We can see that the line has a positive slope, which captures the positive association between AUM and the fraction of people with ≤15 min commute.

To check the model fit, we use a residual plot, which puts the predicted \( f_{\theta}(x) \) values on the x-axis and the residuals \( y - f_{\theta}(x) \) on the y-axis:

predicted = t0 + t1 * x_train
resid = pd.DataFrame({'predicted': predicted,
                      'residuals': y_train - predicted})
fig = px.scatter(resid, x='predicted', y='residuals',
                 width=350, height=250)

fig.add_hline(0, line_color='black', line_width=2, line_dash='dash', opacity=1)

Residual plots can show problems with using a linear model. A good fit will show a residual plot with a cloud of points around the y=0 line with no clear pattern. When there is a clear pattern, we can usually conclude that a linear model wasn’t a good choice for the data.

In the plot above, the model doesn’t actually have a good fit—there’s a small but clear curve in the residual plot. This tells us that we should look at other predictor variables, or include other variables into our model.

The residual plot can also give us a general sense of how accurate the model is. Most of the residuals lie between +10 and -10 AUM. But 10 AUM is a lot of error—it’s bigger than the gap between the 25th percentile and the 75th percentile AUM.
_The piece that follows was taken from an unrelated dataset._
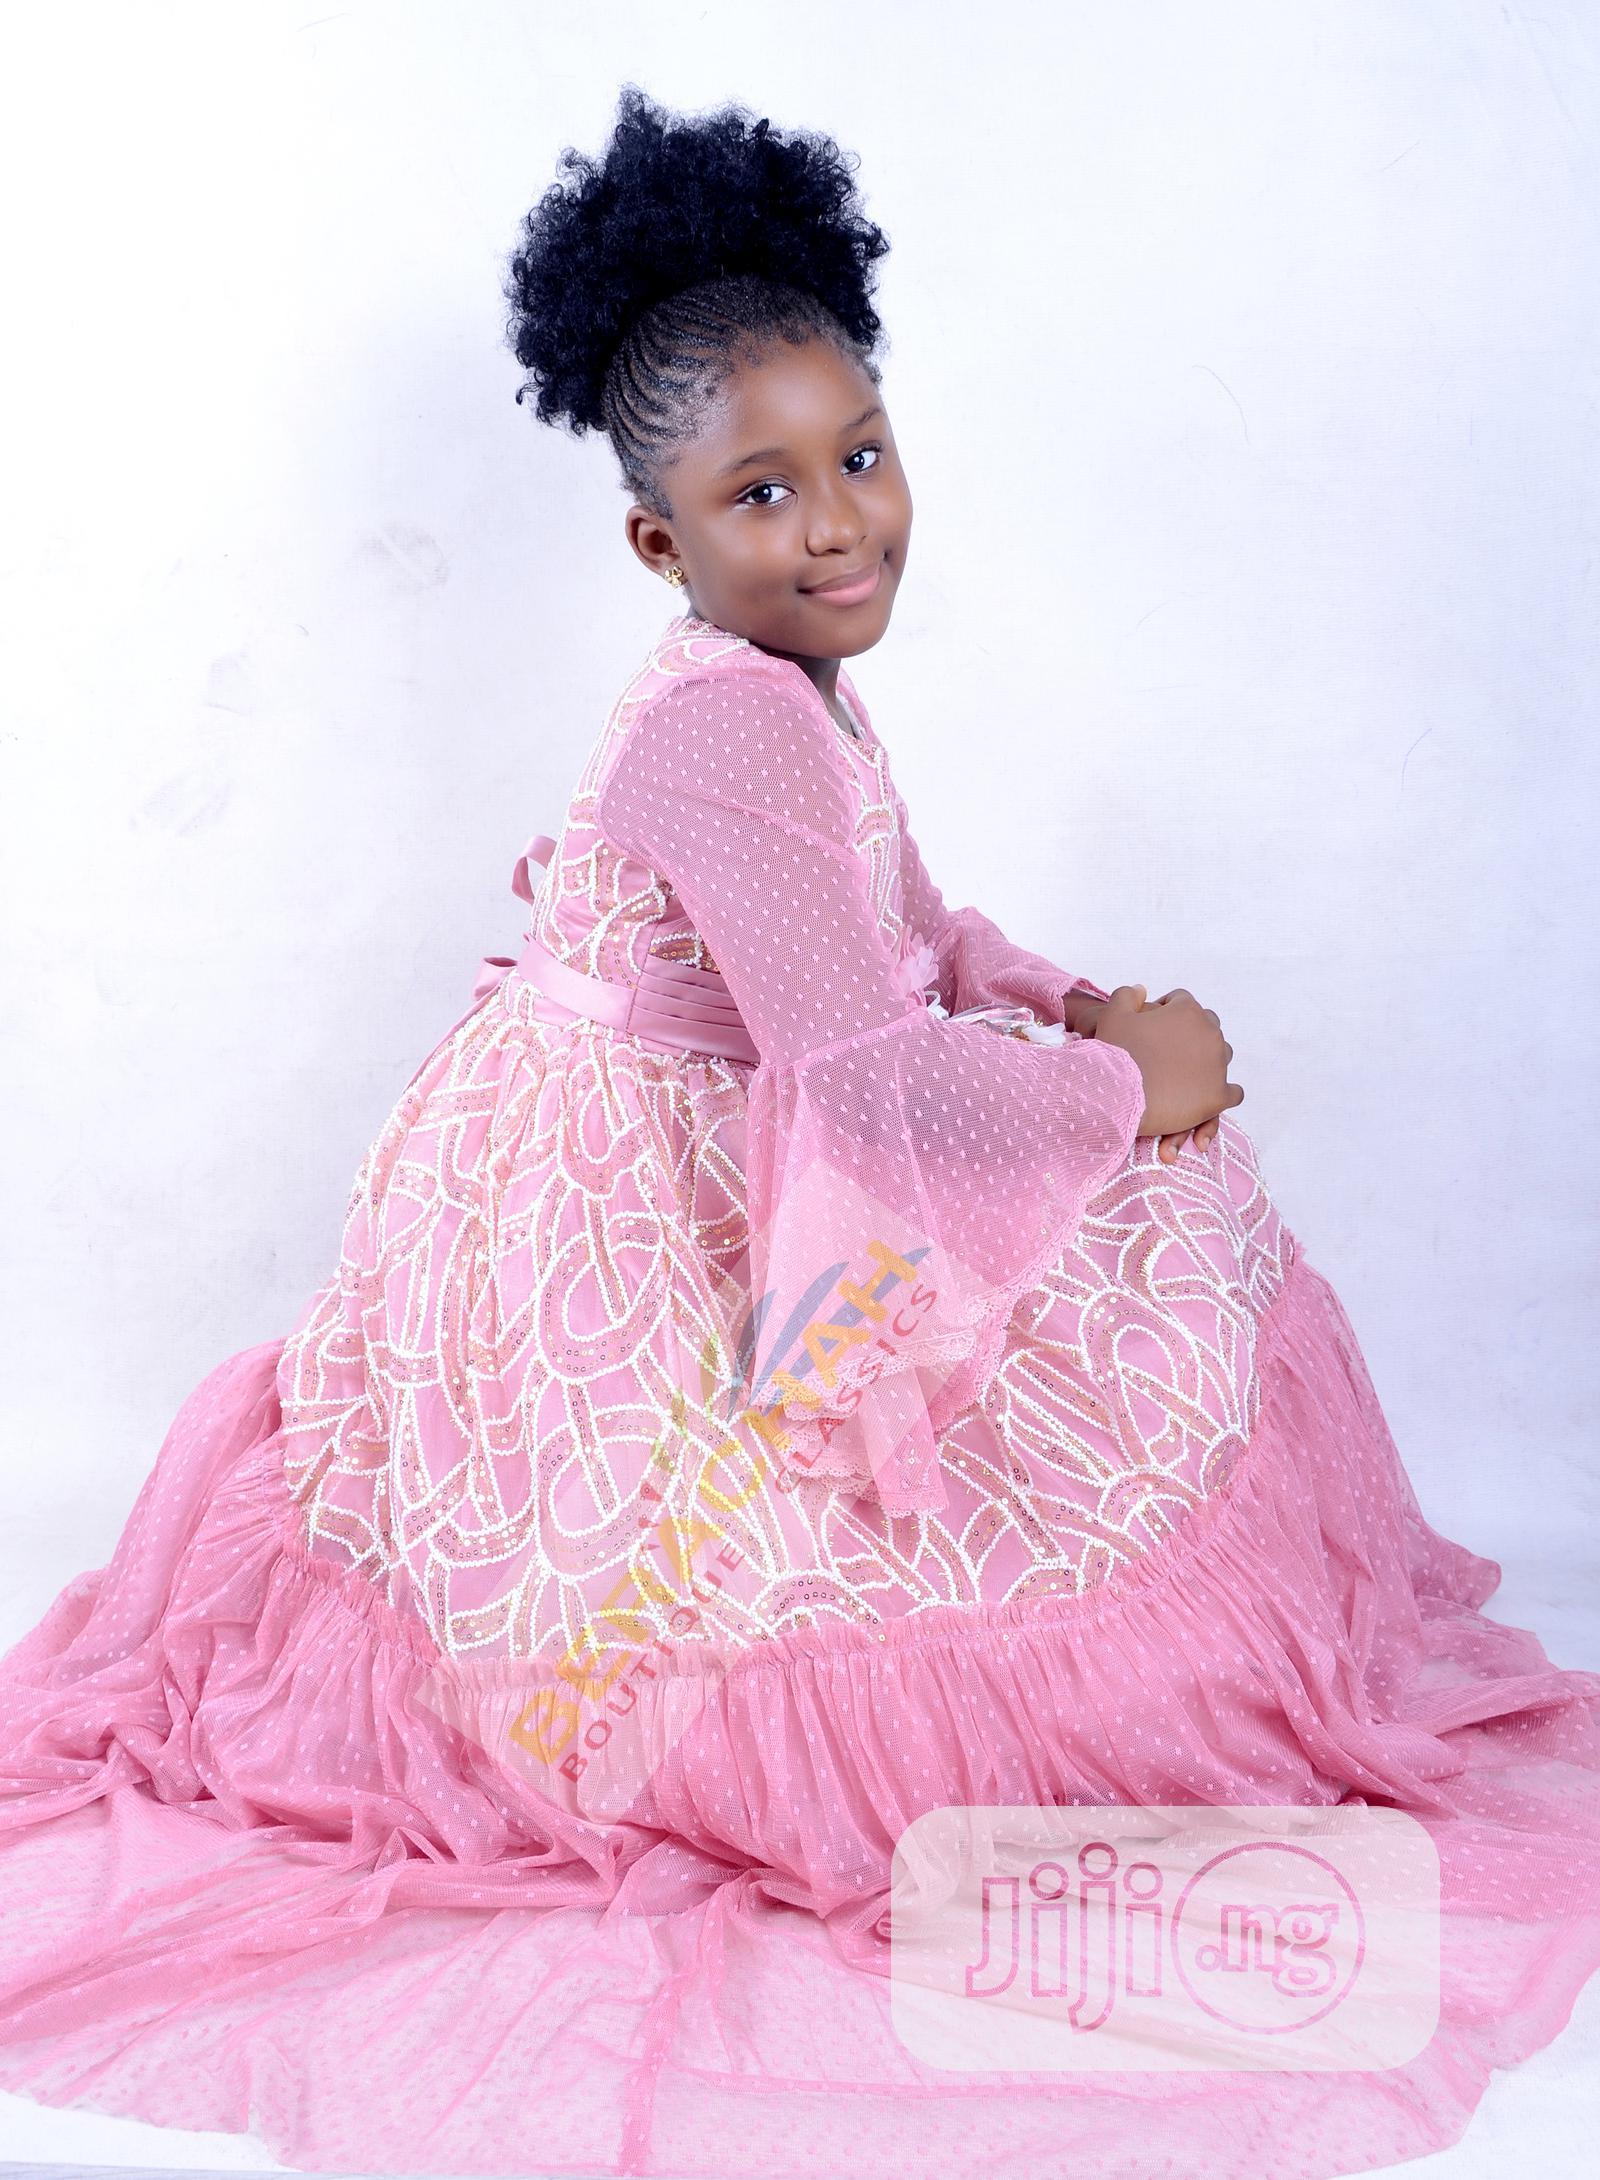 Made in Turkey Girls Ball Dress | Children's Clothing for sale in Gwarinpa, Abuja (FCT) State, Nigeria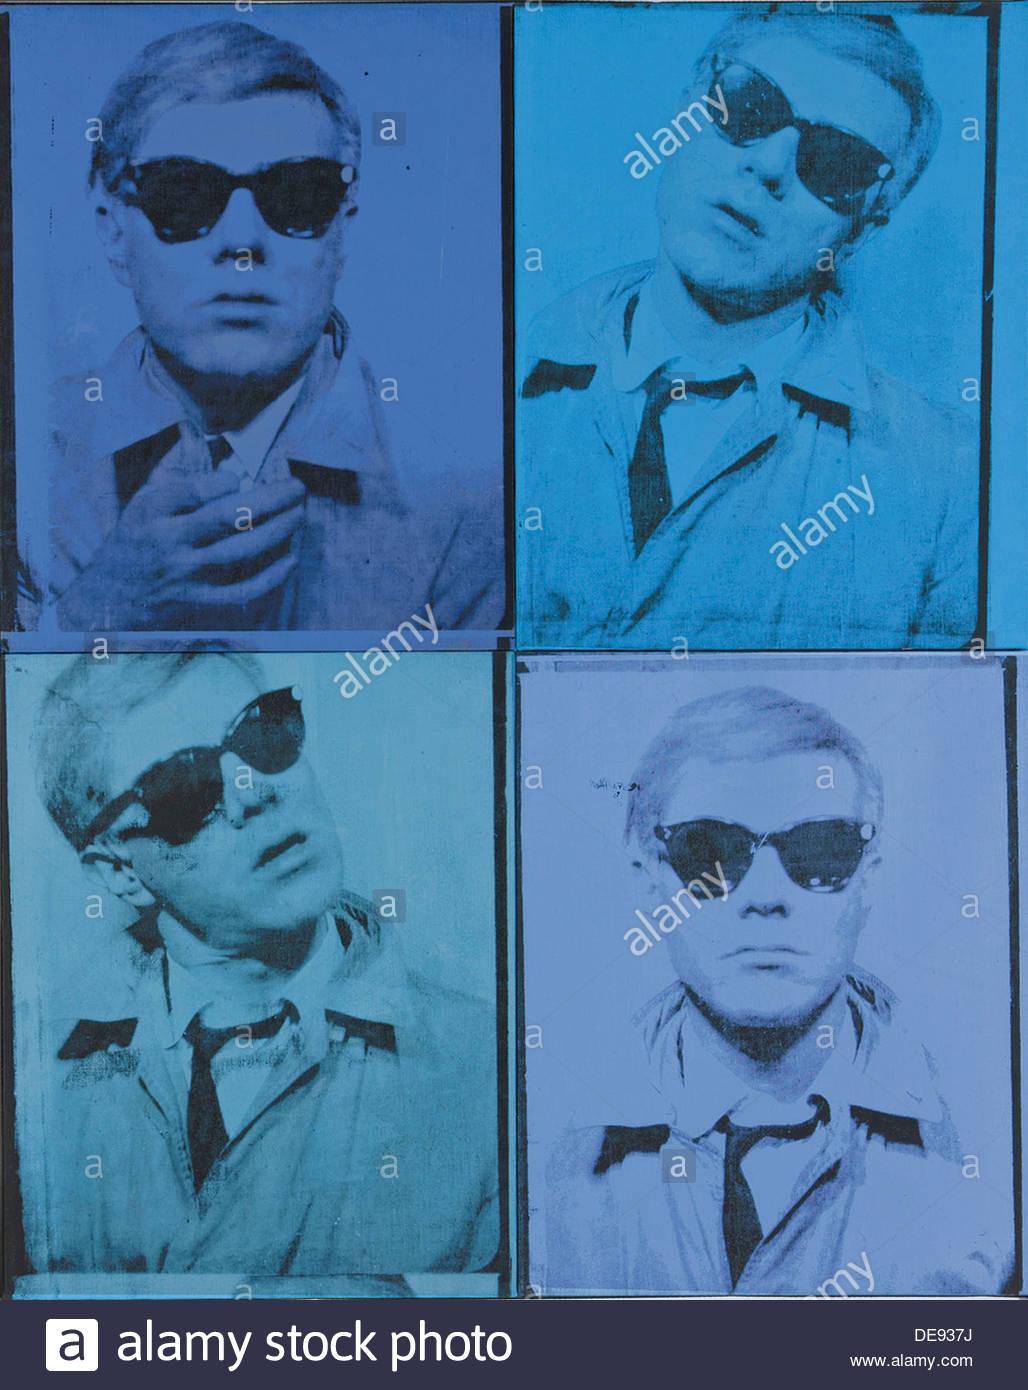 Self-Portrait, 1963-1964. Artist: Warhol, Andy (1928-1987) - Stock Image

In this section, we derived the model parameters \( \hat{\theta}_0 \) and \( \hat{\theta}_1 \) using calculus. Then, we fit a simple linear model that predicts AUM for a commuting zone using the fraction of people with a ≤15 min commute. A residual plot shows that this linear model doesn’t fit the data well. But we didn’t expect a great fit to begin with—economic mobility is a complicated metric that probably can’t be predicted using a single variable. To improve our model, we can use multiple predictor variables rather than just one. This model is called a multiple linear model, and we’ll introduce this model in the next section.